> **Problem to solve**: In the entries that follow, find the line containing "Umsatzanteile deutscher Spieleentwicklungen" and the line containing "Tennis ATP Challenger", then copy exactly everything from the first through the second except the pictures.

> **Provided data**:
---

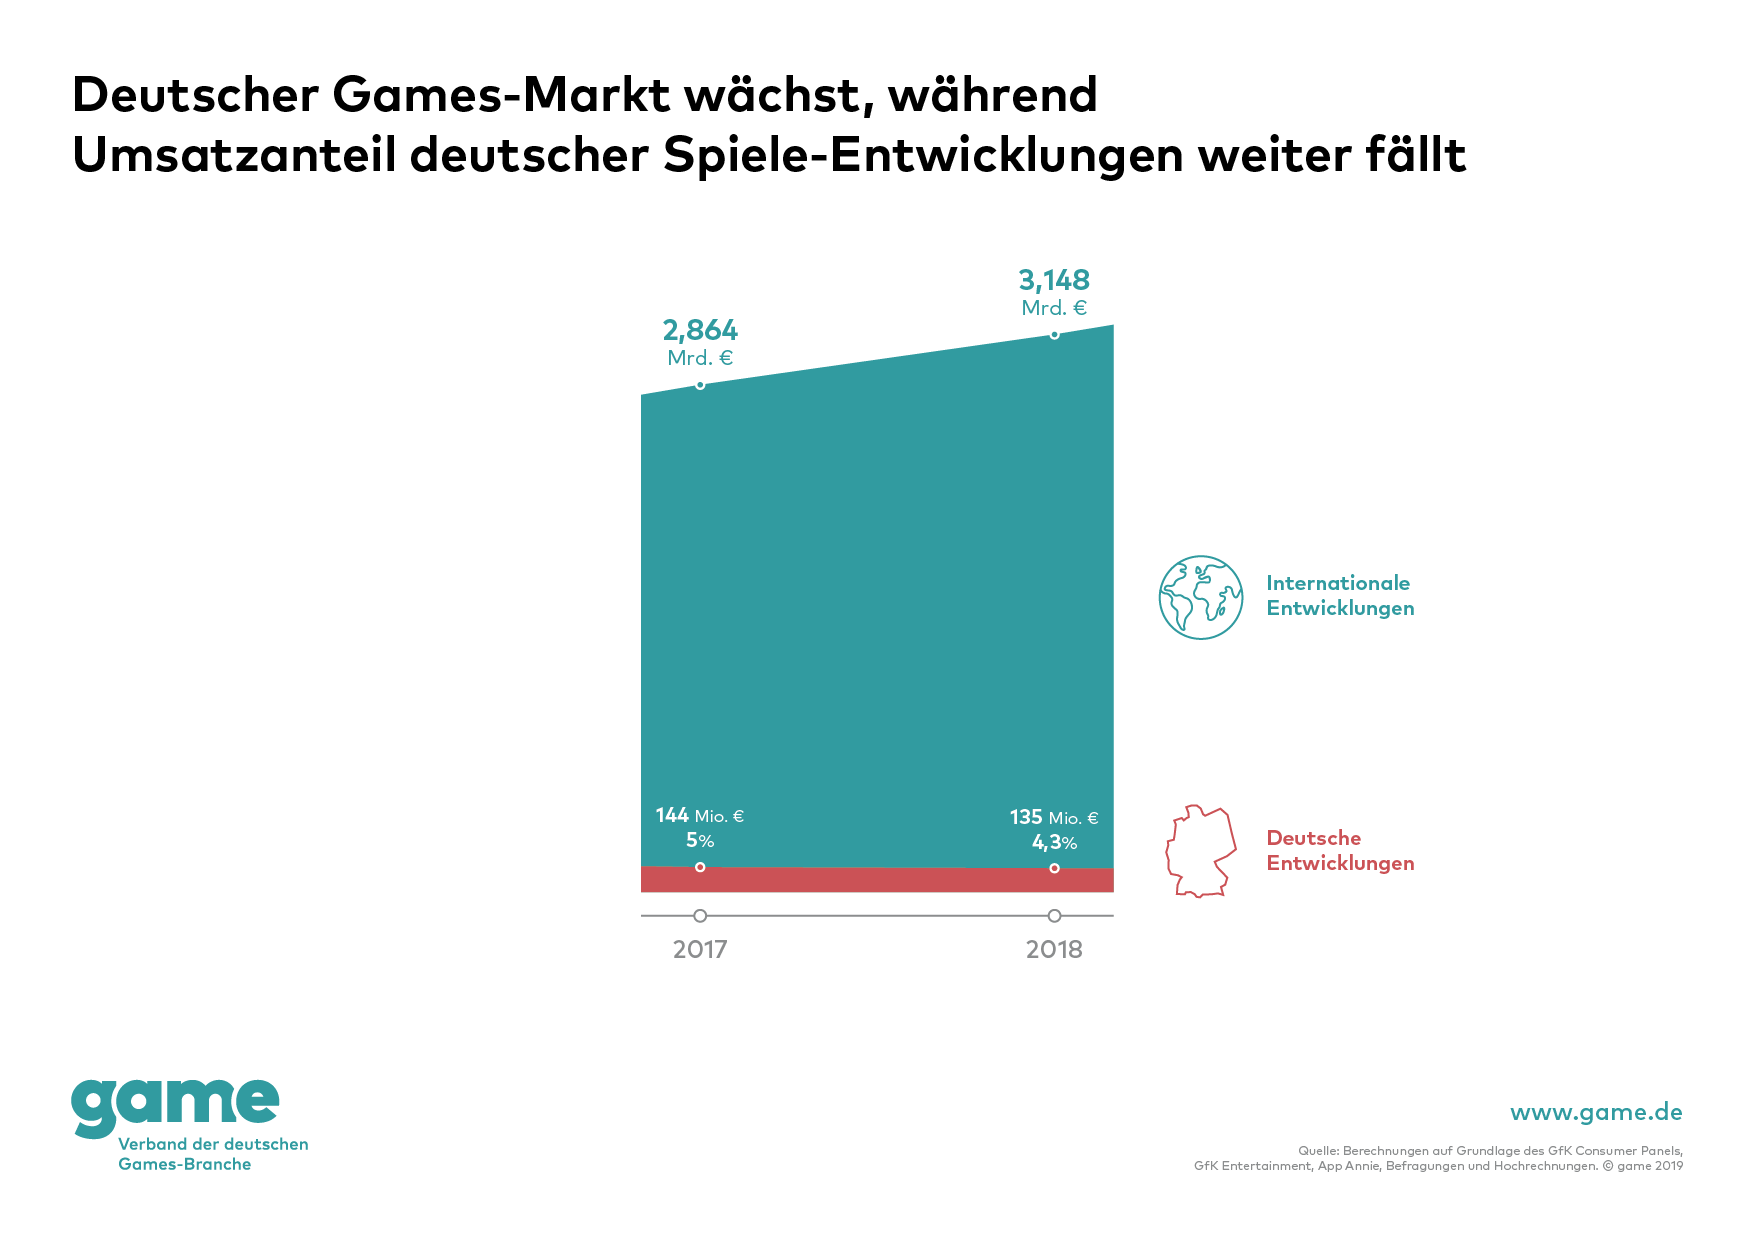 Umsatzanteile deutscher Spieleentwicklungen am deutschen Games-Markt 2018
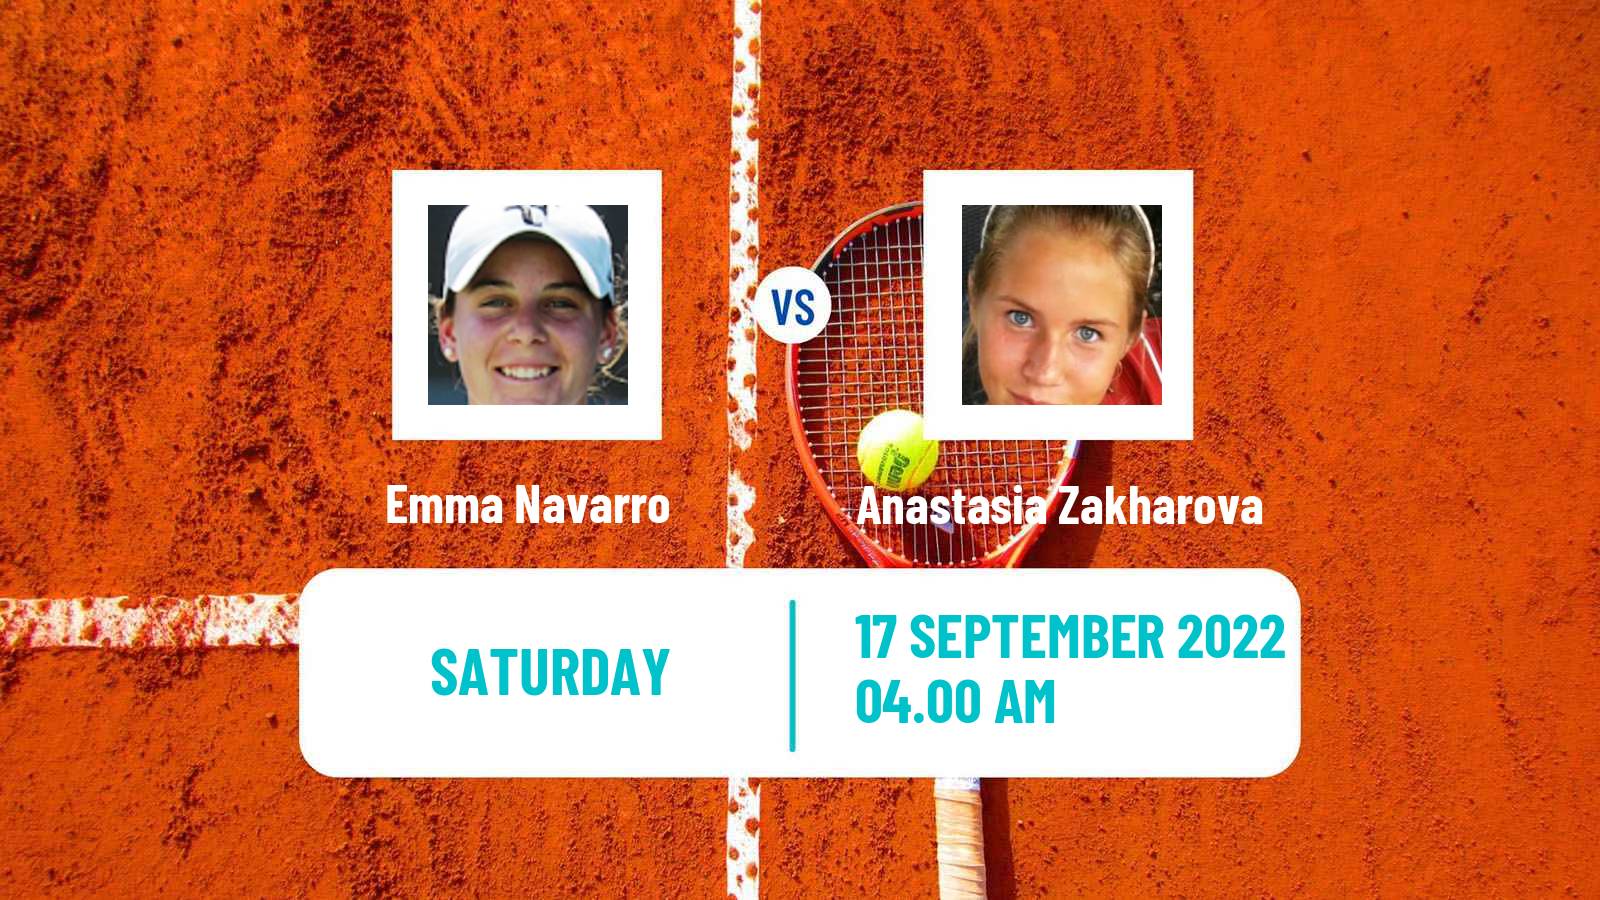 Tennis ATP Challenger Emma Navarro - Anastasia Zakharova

---

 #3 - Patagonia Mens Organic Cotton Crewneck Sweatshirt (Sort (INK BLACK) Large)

---

> **Answer to this task**:
 Umsatzanteile deutscher Spieleentwicklungen am deutschen Games-Markt 2018
 Tennis ATP Challenger Emma Navarro - Anastasia Zakharova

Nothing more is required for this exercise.